Use native graph mechanics, not bolted-on points. The structured graph is already a game a flat wiki can't be:
- Holes pull — the graph shows its own gaps (unsourced Facts, unconfirmed proposals, missing edges) and generates its own quests.
- Confirming is a swipe — the G-057 loop (AI proposes, human confirms / rejects / corrects) is a low-friction micro-game where the play is the data work (Entry 022 AI role split, Entry 021 Ingest Studio).
- Edges are combos — asserting a relationship nobody else spotted is a discovery, collectible in a way prose edits never are.
- Contradiction-hunting is a treasure hunt — Fact states (canon / speculation / contradiction) let QA masquerade as detective work.
- Consumption credentials you — Layer 10 consumption history unlocks the standing to verify Facts about what you've actually consumed.
Intrinsic over extrinsic — impact, not just credits. Points and credits (G-037) are extrinsic and can crowd out the intrinsic motivation that makes contribution durable (the overjustification effect). The primary mechanic is the impact echo — showing a contributor that their one confirmation cascaded ("now powers 14 pages / appeared in an answer-engine citation"), a move only the graph model can make. Mastery, autonomy, purpose, and recognition (G-051) lead; credits support.
Nothing ships on intuition — the A/B harness decides. OLN already runs Amplitude Experiment (via @amplitude/unified). Every gamification component ships behind a flag as a variant, and is kept only if it proves out paired with a data-quality guardrail metric (revert rate, contradiction rate, consensus disagreement) on a long horizon — not a day-one engagement spike.

Reasoning

The reframe that makes this safe is that gamifying a truth substrate is the inverse of gamifying a streak app: the obvious mechanic (reward output) destroys the asset. Constraining rewards to accuracy and resolution turns gamification from a risk to the moat into the engine that builds it.

The A/B system is what makes "make it fun" a tractable claim rather than a hope — but only with discipline. A variant that triples confirmations while doubling the later-correction rate is a loss the harness must be able to see, which means the guardrail (quality) events are as first-class as the engagement events.

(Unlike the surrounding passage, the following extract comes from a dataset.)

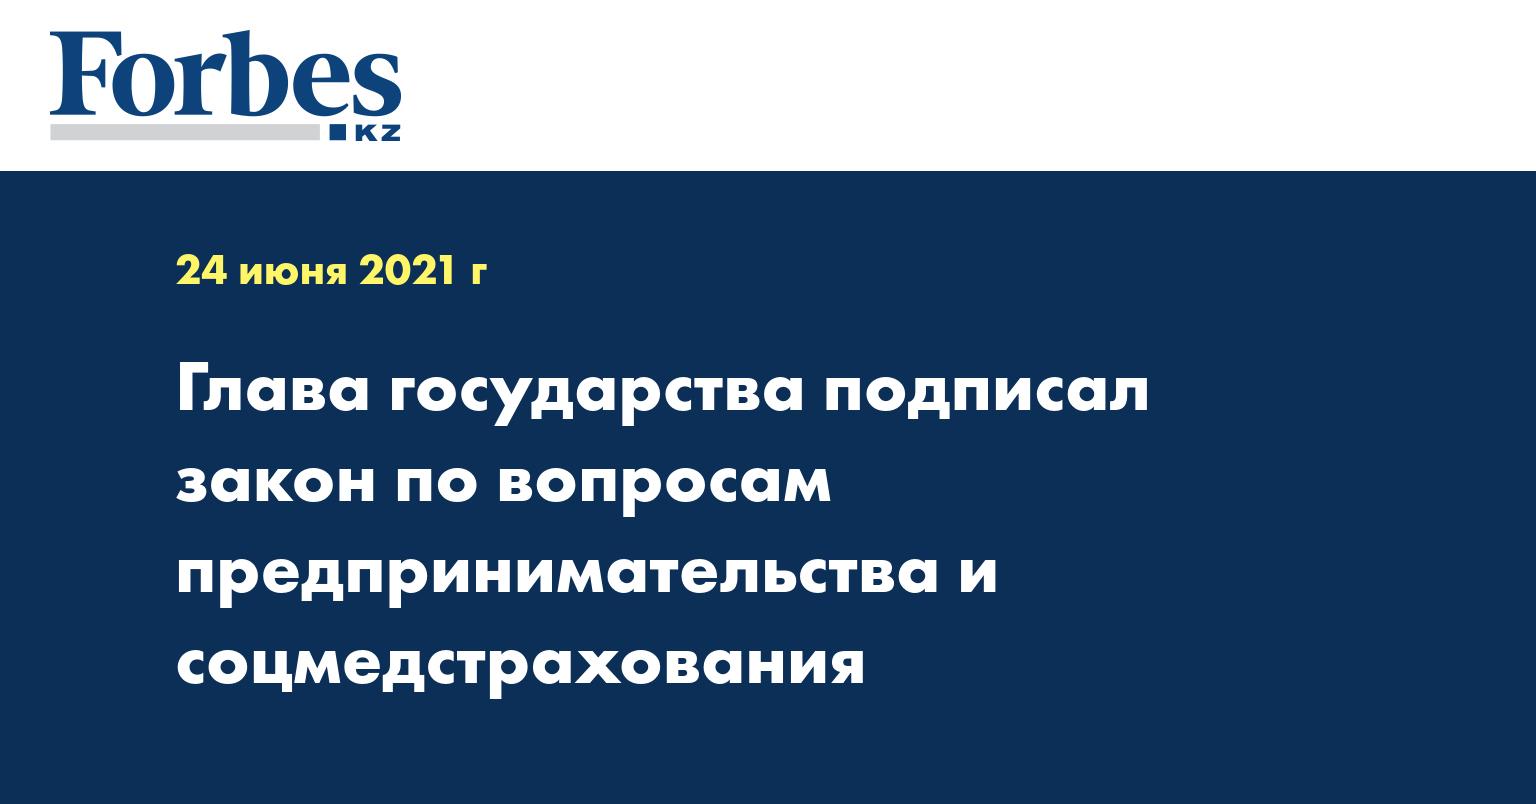 Глава государства подписал закон по вопросам предпринимательства и соцмедстрахования

And because gamification spikes on novelty and the overjustification damage surfaces late, the readout horizon is 30–60 days with a holdout — including a pure- intrinsic arm to test whether points help or quietly hurt retention.

Open threads

Gamified contribution & the experiment program (G-059) — the component menu to test, the quality-guardrail event taxonomy, the consensus / anti-Goodhart confirmation design, and the measurement methodology (horizon, holdout, crowd-out arm).